The thoughts and sounds behind Bryce Harper's jaw-dropping home run

Aaron Nola had no chance at seeing where the ball landed.

Not many did, unless you were a fan leisurely strolling through the center-field concourse and enjoying the amenities of Ashburn Alley at Citizens Bank Park.

"I think it went over the stadium, from where I was sitting," Nola said. "It was a long one."

That's how powerfully Bryce Harper struck his first-inning home run in the Phillies' 2-1 win over the Rockies (see observations). The ball left his bat at 114.1 miles per hour, traveled 466 feet and cleared the brick walls in center field.

It was loud and it made the sellout crowd of 42,354 fans louder.
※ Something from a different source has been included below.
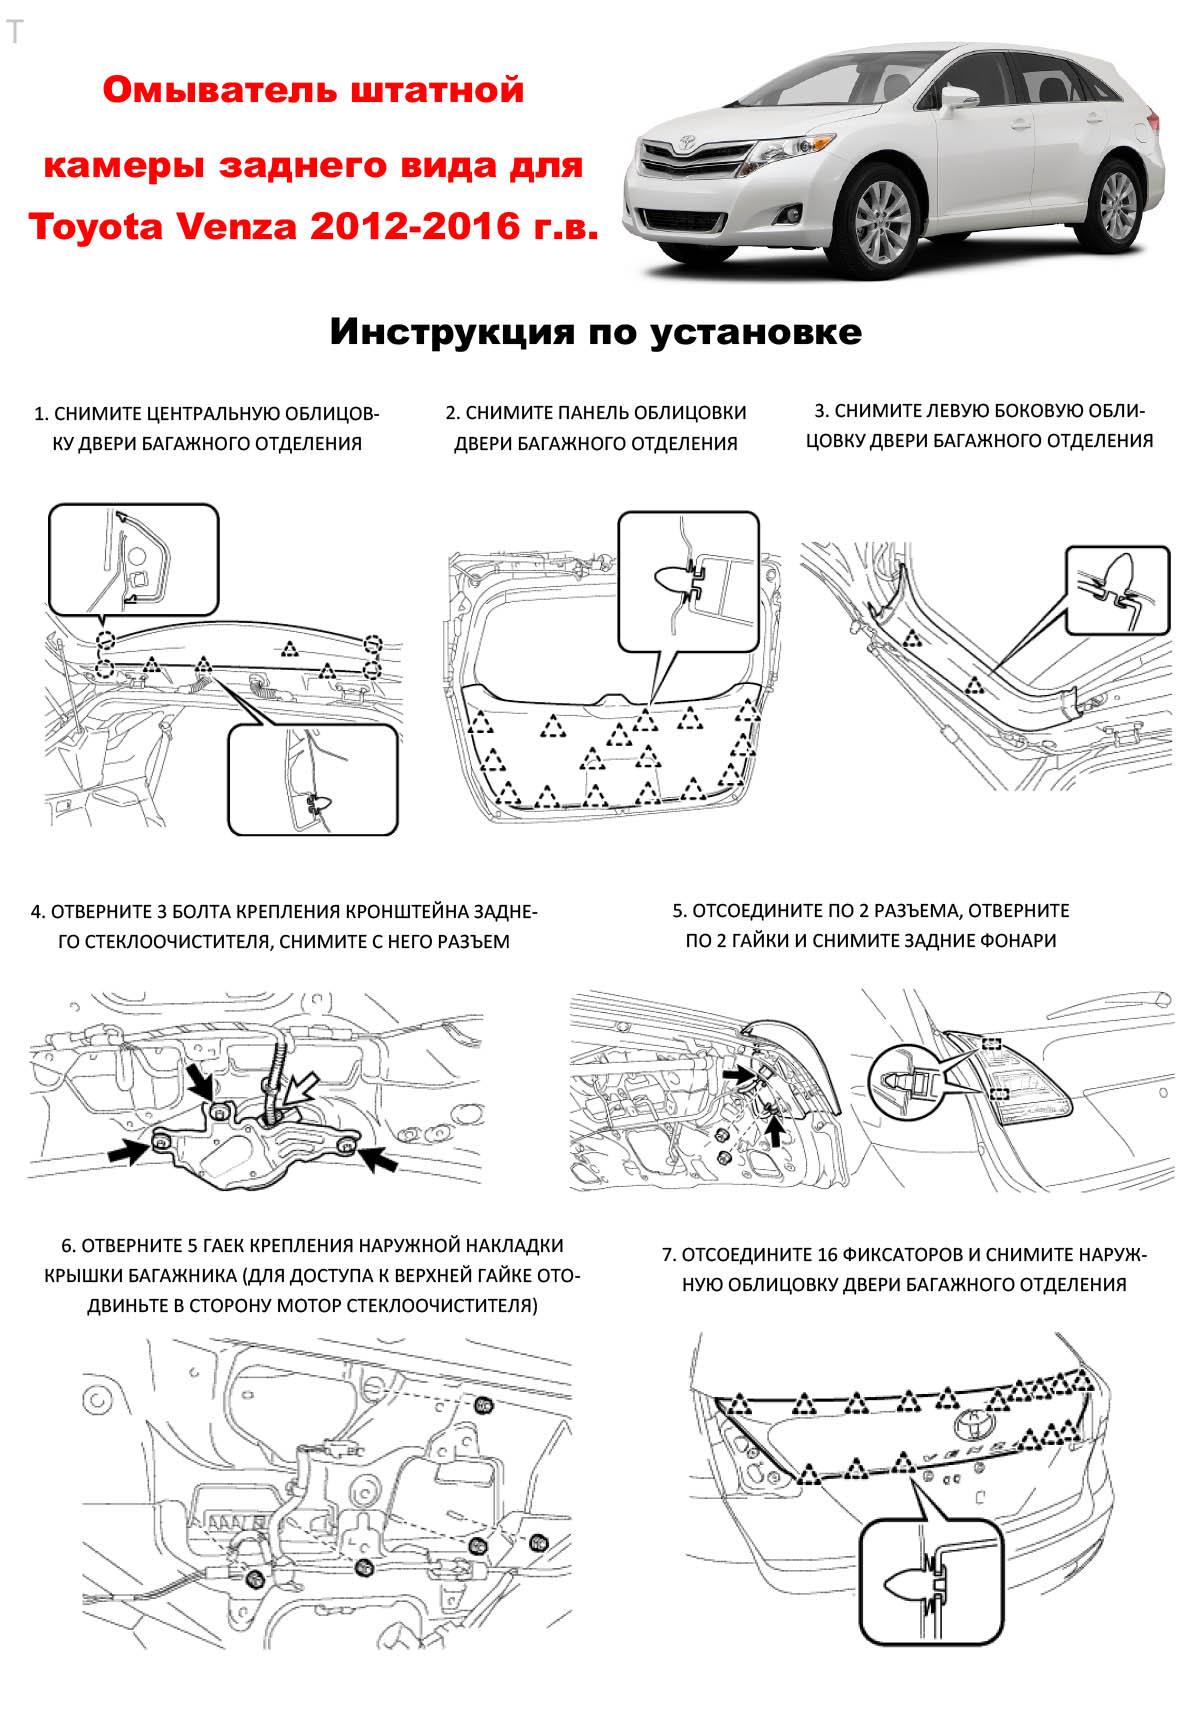 Скачать инструкцию

"I think just as a fan, you just stop and watch the distance of the ball," manager Gabe Kapler said. "I don't think we saw a ball go that far to center field all year last year and certainly not this year. That's rare territory. Pretty impressive."

Harper pounced on a first-pitch fastball from Rockies right-hander Antonio Senzatela. The swing consisted of everything you want to see from Harper, who is 5 for 15 (.333) over his last four games with the homer and three doubles.

He's staying back and driving the ball.

"I think he's beginning to feel it," Kapler said. "I think part of that comes from the work he's been doing with [hitting coach] John Mallee, specifically being a little bit taller on his backside and his hands being a little bit closer to his body."

Harper didn't want to make too much about the distance of his home run. He remembered some advice from a former manager and five-time All-Star.

"Matt Williams always used to tell me, 'It's not how far, it's how many you hit,'" Harper said. "I'm just trying to go about it the right way every single day, doing things out there that help this team win. Just putting the bat to the ball and trying to win games.

Harper has eight home runs and 28 RBIs in 45 games. He has a .371 on-base percentage and is second in baseball to only Mike Trout with 34 walks.

However, he's hitting .230 and was 10 for his last 70 (.143) prior to this 5-for-15 stretch. The Phillies are seeing positive signs, though, from Harper's swing.

"We all believed he was going to break out of what he was in," Nola said. "Guy works hard, works hard at what he does. We've all seen what he's done in his career. Nobody is pressing over him, we know he's the gamer that he is and he does a lot to help the team.

On Saturday, it was a walk, a double and vicious contact on the first pitch he saw.

"I think Harp is best when he's gap to gap," Kapler said. "Every once in a while, he's out in front and pulls the ball down the line. He's at his best when he's hitting high line drives into the gaps, and the ones that he gets just underneath go into the seats or in this case, over everything in center field."